Expected behavior Find settings to get through all stages of fitting.

Desktop (please complete the following information):

gjcooper commented 2 years ago

Hi,

Thanks for your interest in PMwG. I'm hoping to look into this over the next few days. I have spoken to a collaborator about this issue and we have some avenues to explore - related to the likelihood free methods as implemented in that book. Will let you know soon how it goes.

gjcooper commented 2 years ago

I've looked through your code and determined a couple of fixes that seem to alleviate the problem.

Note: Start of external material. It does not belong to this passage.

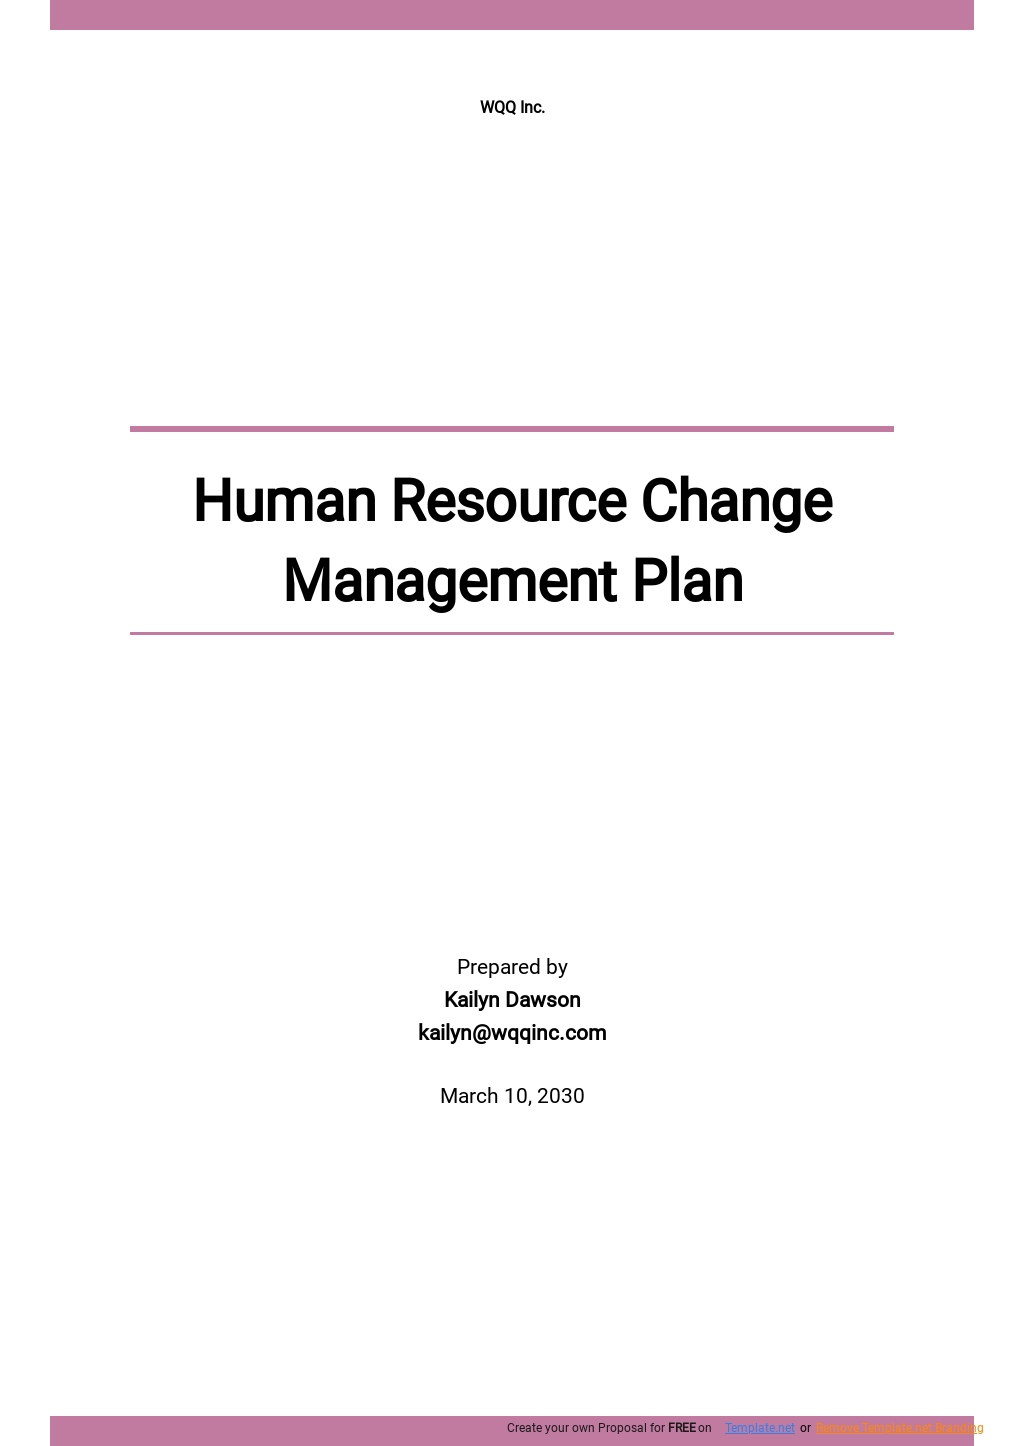 Change Management Plans

As you mention, choosing the appropriate priors is important. It looks in particular like the Feat parameter should not have a prior centred around 0. I used 30 (as in your test call to log.dens.like and that helped.)

priors <- list(
  theta_mu_mean = c(0, 0, 30),
  theta_mu_var = diag(rep(1, length(pars)))
)

Additionally the start points used for initialising the sampler should also not be centred around 0 for the Feat parameter. Ideally if left out the start points should be sampled from the prior, however there is a bug in the code for PMwG that I am working on a fix for that means this is not the case. (See Issue #58)

For your use case it looks like setting the start points manually to be sampled from the prior helps initialisation. This would look like this:

start_points <- list(mu = rnorm(n = 3,
                                mean = priors$theta_mu_mean,
                                sd=diag(priors$theta_mu_var)),
                     sig2 = diag(rep(.01, length(pars))))

(An additional note, when creating the sampler you should specify the pars argument as a vector of parameter names, not a named vector of values, as in the following section. This gives the appropriate dimensions of the samples the correct labels).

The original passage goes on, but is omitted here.